0

So the problem I'm having is that I'm iterating over a pretty large csv file. startDate and endDate are input given to me by the user and I need to only search in that range.

Although, when I run the program up to that point, it takes a long time to just spit back out "set()" at me. I've pointed where I'm having trouble at in the code

looking for suggestions and possibly sample code, thank you all in advance!

def compare(word1, word2, startDate, endDate):
    with open('all_words.csv') as allWords:
        readWords = csv.reader(allWords, delimiter=',')
        year = set()
        for row in readWords:
            if row[1] in range(int(startDate), int(endDate)): #< Having trouble here
                if row[0] == word1:
                    year.add(row[1])
        print(year)
tdelaney
  • 73,364
  • 6
  • 83
  • 116
Blakester
  • 99
  • 1
  • 2
  • 9

2 Answers2

3

The reason your test isn't finding any years is that the expression:

row[1] in range(int(startDate), int(endDate))

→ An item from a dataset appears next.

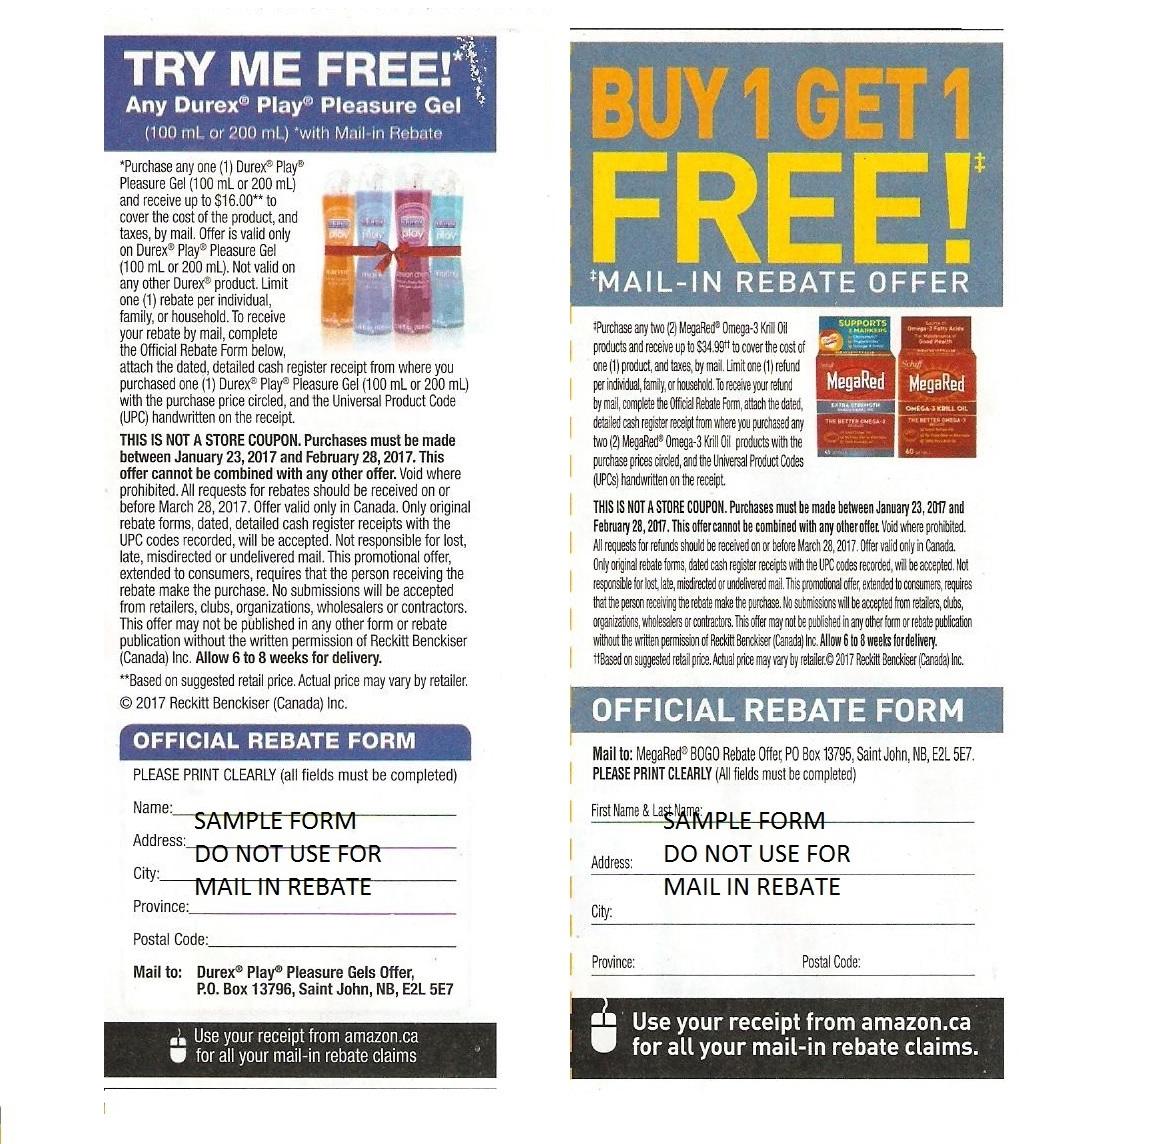 Magazine coupon dimensions

is checking to see if a string value appears in a list of integers. If you test:

"1970" in range(1960, 1980)

you will see that it returns False. You need to write:

int(row[1]) in range(int(startDate), int(endDate))

However, this is still quite inefficient. It is checking if the value int(row[1]) occurs anywhere in the sequence [int(startDate), int(startDate)+1, ..., int(endDate)], and it's doing it by linear search. Much faster will be:

if int(startDate) <= int(row[1]) < int(endDate):

Note that your code above was written to exclude endDate for the list of possible dates (because range excludes its second argument), and I've done the same above.

Edit: Actually, I guess I should point out that it's only Python 2 where an expression like 500000 in range(1, 1000000) is inefficient. In Python 3 (or in Python 2 with xrange in place of range), it's fast.

K. A. Buhr
  • 45,621
  • 3
  • 45
  • 71
1

You can try read_csv function of pandas library. This function allows you to read a desirable amount of data each time. So you can overcome the size problem.

reader = pd.read_csv(file_name, chunksize=chunk_size, iterator=True)

while True:
    try:
        df = reader.get_chunk(chunk_size)
        # select data rows which have desired dates
    except:
        break
    del df
amin
  • 1,413
  • 14
  • 24